Option A : If f(n) = O(n^2) then f(n) = O(n).

**False. **Counter example, when f(n) = n^2.

Option B : If f(n) = O(3 $^{log_{10}n}$) then f(n) = O(n^2).

Here, Put $log_{10}n$ = k $\implies$ n = 10 $^{k}$.

then 3 $^{log_{10}n}$ becomes 3 $^{k}$ and n $^{2}$ becomes 10 $^{2k}$.

We know 3 $^{k}$ <= 10 $^{2k}$.

Therefore, 3 $^{log_{10}n}$ = O(n $^{2}$).

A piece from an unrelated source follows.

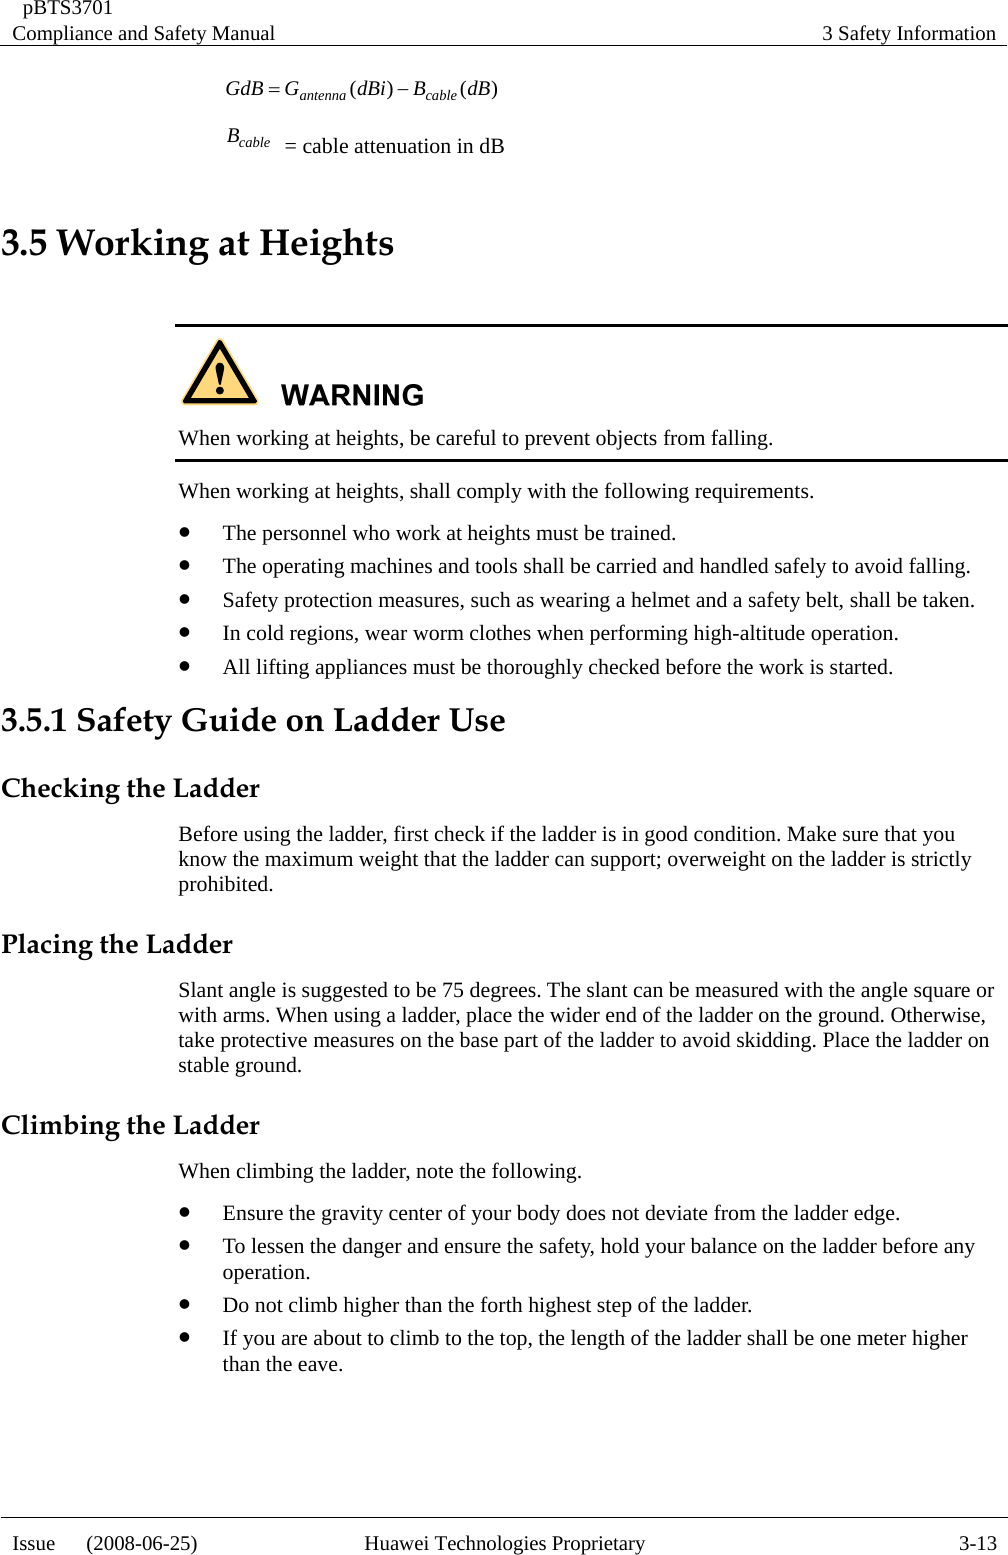  pBTS3701 Compliance and Safety Manual  3 Safety Information Issue   (2008-06-25)  Huawei Technologies Proprietary  3-13)()( dBBdBiGGdB cableantenna−= cableB  = cable attenuation in dB 3.5 Working at Heights   When working at heights, be careful to prevent objects from falling. When working at heights, shall comply with the following requirements. z The personnel who work at heights must be trained. z The operating machines and tools shall be carried and handled safely to avoid falling. z Safety protection measures, such as wearing a helmet and a safety belt, shall be taken. z In cold regions, wear worm clothes when performing high-altitude operation. z All lifting appliances must be thoroughly checked before the work is started. 3.5.1 Safety Guide on Ladder Use Checking the Ladder Before using the ladder, first check if the ladder is in good condition. Make sure that you know the maximum weight that the ladder can support; overweight on the ladder is strictly prohibited. Placing the Ladder Slant angle is suggested to be 75 degrees. The slant can be measured with the angle square or with arms. When using a ladder, place the wider end of the ladder on the ground. Otherwise, take protective measures on the base part of the ladder to avoid skidding. Place the ladder on stable ground. Climbing the Ladder When climbing the ladder, note the following. z Ensure the gravity center of your body does not deviate from the ladder edge. z To lessen the danger and ensure the safety, hold your balance on the ladder before any operation. z Do not climb higher than the forth highest step of the ladder. z If you are about to climb to the top, the length of the ladder shall be one meter higher than the eave.

By transitivity, f(n) = O(n$^{2}$).

**True.**

Option C : log (n!) = O(nlogn).

**True.** This is standard result.

Option D : Growth of the sum 1 + ½ + 1/3 + ⋯ + 1/n can be described by θ(logn).

We know 1 + ½ + 1/3 + ⋯ + 1/n = log n + $\gamma$ = θ(logn).

(For more information, refer to the links given in following comments)

**True.**

The above line ,

“We know $1+\frac{1}{2}+\frac{1}{3}+\frac{1}{4}+....+\frac{1}{n}=\log n$ “ is wrong .

The sum is not actually equal to logn , it is $\Theta (\log n)$.

Proof is here.

https://stackoverflow.com/questions/25905118/finding-big-o-of-the-harmonic-series

There is actually no close form formula for the harmonic sum ,

one of the approximation of the harmonic sum is

$(\log n)+\gamma$ where $\gamma =0.577$ ,Mascheroni constant .There are some other more accurate approximations there as well.

1

@shishir__roy bro, you should write 1 more condition in the explanation of option B : (**K is large**).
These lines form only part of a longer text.